I walked back through the reception room past walls papered with ecology symbols in pastel colors. The Osmond Brothers came from a loudspeaker at a discreet volume. On my left, the volunteers were seated at long camp tables as busy as ants in one of those glassed-in colonies you buy on television. Strolling idly through the room, I felt out of place, at odds with my environment, the last hold-out for alienation in a world of engaged men.
“Hey . . . just a minute!” A girl stopped me as I tried to walk into the corridor between the county and state headquarters. “You can’t go in there without a pass!”
“Right arm,” I said, holding up my palm like Dave Garroway on the Today show years ago, and walked out of the building.

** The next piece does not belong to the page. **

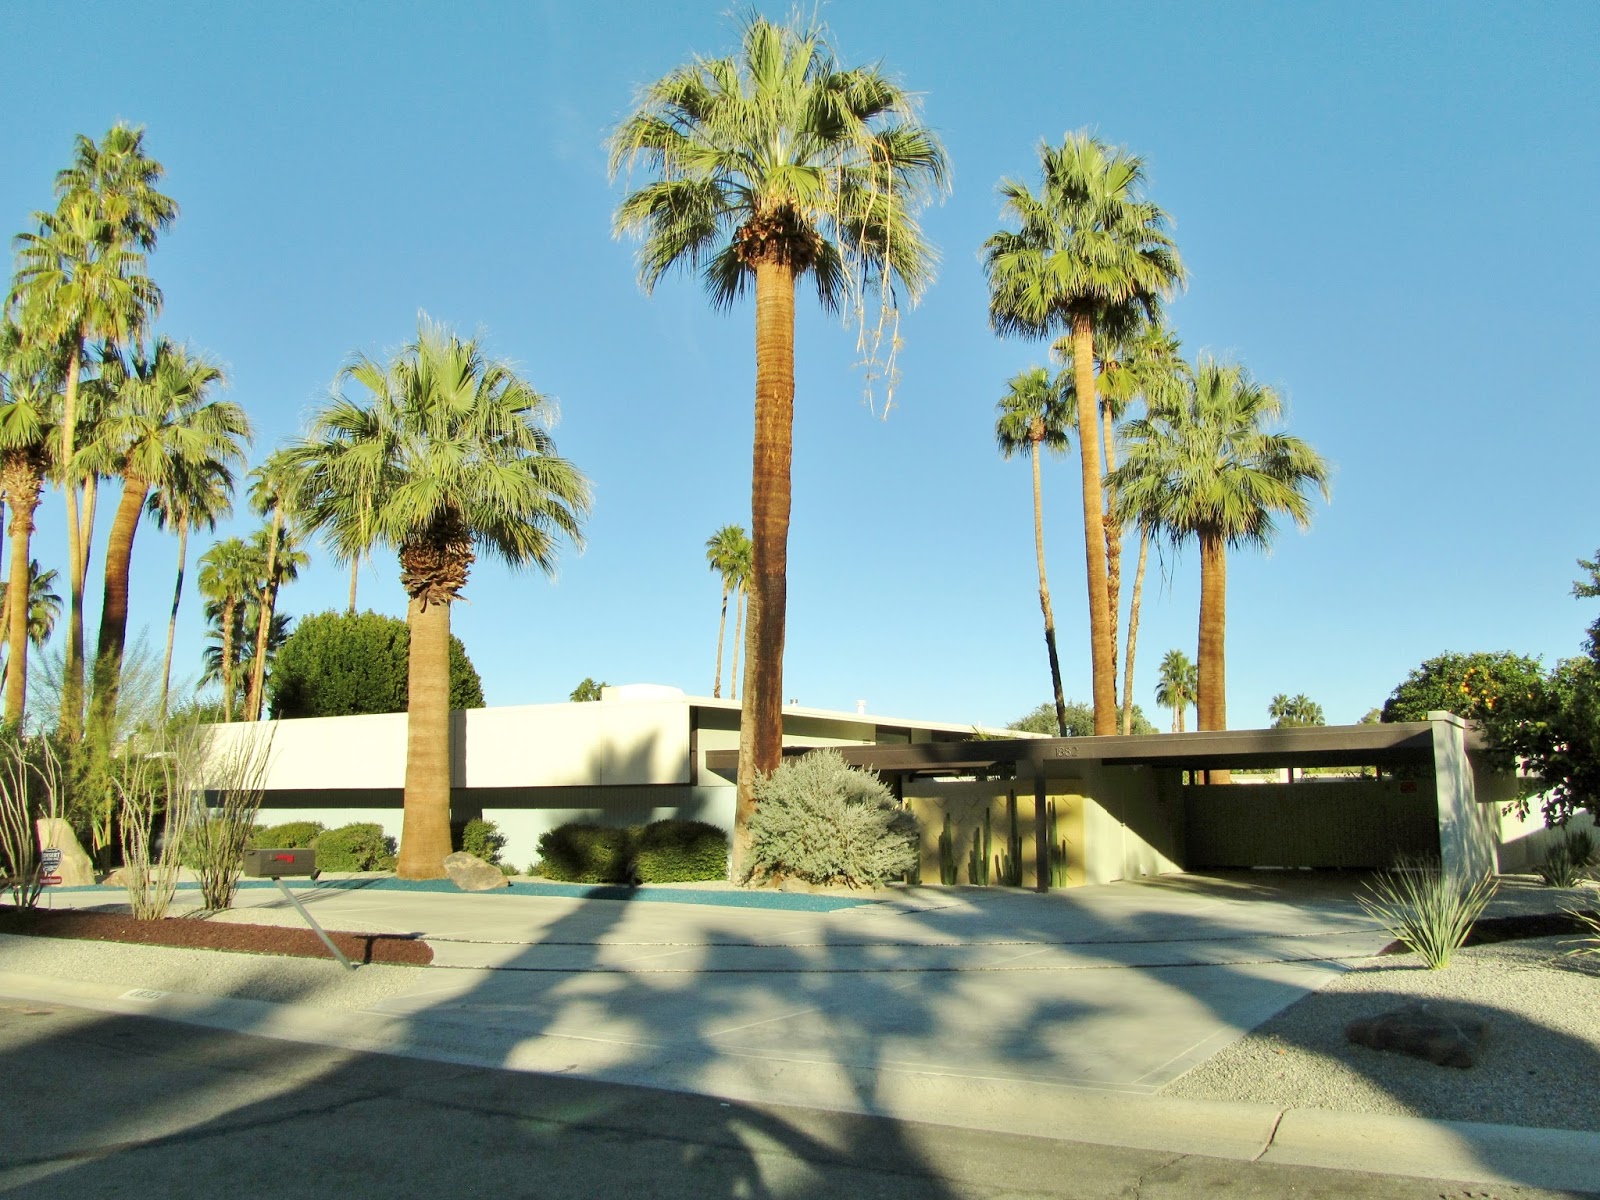 A modern single-story building with a flat roof surrounded by tall palm trees under a clear blue sky. The landscaped front yard features gravel, shrubs, and cacti. Shadows from the palm trees are cast on the ground in the foreground.

It was still light when I got back to my car at the Anchors Away! parking lot. I drove out onto Sunset and headed for Venice to have another look at 23 Columbia Drive. Perhaps Eppis’ last words to me were no more than frivolity, but I didn’t have enough leads to be choosy.
I reached the cul-de-sac just as the sky turned pitch dark. Driving around the loop, I was surprised to find that number 23 had been leveled in its entirety. The faded Victorian mansion had disappeared, leaving only a vacant lot with a new sign from Pacific Properties listing its dimensions, 175’ X 115’. I parked around the corer and got out, pausing only to pick my flashlight out of the glove compartment. The street was empty except for the abandoned shell of a Chevy convertible at the far end. Over on the next block I could see the neon sign of a soul food restaurant flashing on and off.
I crossed the street quickly, continuing along the sidewalk past the now-vacant lot to the house with the Venetian blinds. It was pink stucco with a red tile roof and a large metal alarm box that any self-respecting burglar would know was a phony. I rang the buzzer. In a few seconds a dark brown eye appeared in the peephole.